As you can see, the second version is much faster. Why? Because the crucial operation, sum += ... is an addition of numbers in fun2 while it's an addition of arbitrary length vectors in fun1.

You can see a practical application of the same "optimization" in this asnwer of mine, but many other examples could be given where this is relevant.

Now in this simple example the code using fun2 is not longer or much more complex than fun1, but in the general case it very well might be.

How can I tell Compile that one of its arguments is not an arbitrary n*m matrix, but a special n*2 or n*3 one, so it can do these optimization automatically rather than using a generic vector addition function to add tiny length-2 or length-3 vectors?

Addendum

To make it more clear what's happening, we can use CompilePrint:

CompilePrint[fun1] gives

        1 argument
        5 Integer registers
        5 Tensor registers
        Underflow checking off
        Overflow checking off
        Integer overflow checking on
        RuntimeAttributes -> {}

        T(R2)0 = A1
        I1 = 2
        I0 = 1
        Result = T(R1)3

1   T(R1)3 = Part[ T(R2)0, I0]
2   I3 = Length[ T(R2)0]
3   I4 = I0
4   goto 8
5   T(R1)2 = Part[ T(R2)0, I4]
6   T(R1)4 = T(R1)3 + T(R1)2
7   T(R1)3 = CopyTensor[ T(R1)4]]
8   if[ ++ I4 < I3] goto 5
9   Return

CompilePrint[fun2] gives

        1 argument
        5 Integer registers
        4 Real registers
        1 Tensor register
        Underflow checking off
        Overflow checking off
        Integer overflow checking on
        RuntimeAttributes -> {}

        T(R1)0 = A1
        I1 = 2
        I0 = 1
        Result = R2

1   R2 = Part[ T(R1)0, I0]
2   I3 = Length[ T(R1)0]
3   I4 = I0
4   goto 8
5   R1 = Part[ T(R1)0, I4]
6   R3 = R2 + R1
7   R2 = R3
8   if[ ++ I4 < I3] goto 5
9   Return

I chose to include this rather than the considerably lengthier C version, where the timing difference is even more pronounced.

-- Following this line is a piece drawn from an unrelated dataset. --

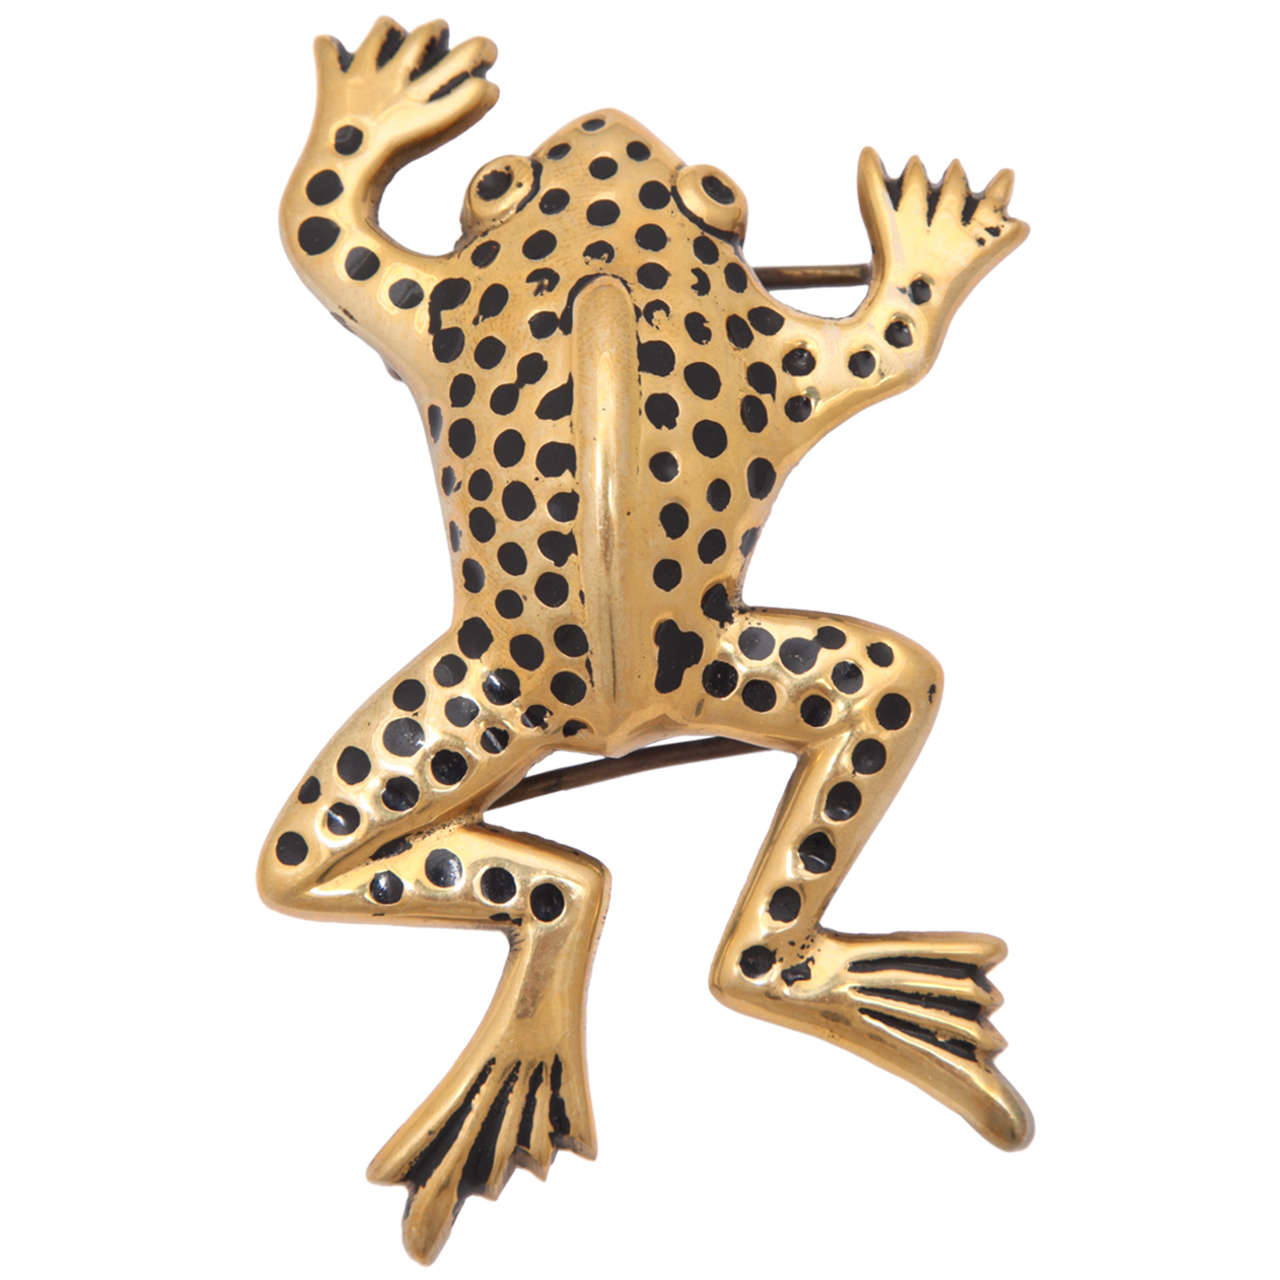 Large "Gold" Frog Belt Buckle, Costume Jewelry

Perhaps this is an XY problem and the question should really be "how do I perform numerical tasks like this quickly"? If so, the correct answer is certainly "Mathematica is the wrong tool for this job". — J D, Nov 21 '11 at 22:01

Leonid Shifrin · Answer 1 · 2011-11-18T18:32:33.177

Your addendum is actually almost enough to see what the problem is. For the first version, you invoke CopyTensor in an inner loop, and this is the main reason for inefficiency, since lots of small buffers must be allocated on the heap and then released. To illustrate, here is a version which does not copy:

fun3 =
 Compile[{{vec, _Real, 2}},
   Module[{sum = vec[[1]], len = Length[vec[[1]]]},   
     Do[sum[[j]] += vec[[i, j]], {j, 1, len}, {i, 2, Length[vec]}];
     sum], CompilationTarget -> "C"]

(by the way, I think that the speed comparison is more fair when compiled to C, since the Mathematica virtual machine does, for example, much more heavily discourage nested loops). This function is still slower than yours, but about 3 times faster than fun1, for such small vectors.

The rest of the inefficiency is, I believe, inherent to this approach. The fact that you can decompose the problem into solving for sums of individual components is what makes your second function efficient, because you use structural operations like Transpose, and, most importantly, this allows you to squeeze more instructions out of the inner loop. Because this is what matters the most - you must have as few instructions in an inner loop as possible. You can see from CompilePrint that this is indeed the case for fun1 vs fun3. In a way, you found (for this problem) an efficient high-level way to manually unroll the outer loop (the one over the coordinate index). An alternative you suggest would ask the compiler to unroll the outer loop automatically, based on the extra information on vector dimensionality. This sounds like a plausible optimization, but has not probably been implemented for the Mathematica virtual machine yet.

Note also that for larger lengths of vectors (say 20), the difference between fun1 and fun2 disappears, because the cost of memory allocation / deallocation in tensor copying becomes insignificant compared to the cost of massive assignment (which is still implemented more efficiently when you assign vector to vector - perhaps because you can use things like memcpy in that case).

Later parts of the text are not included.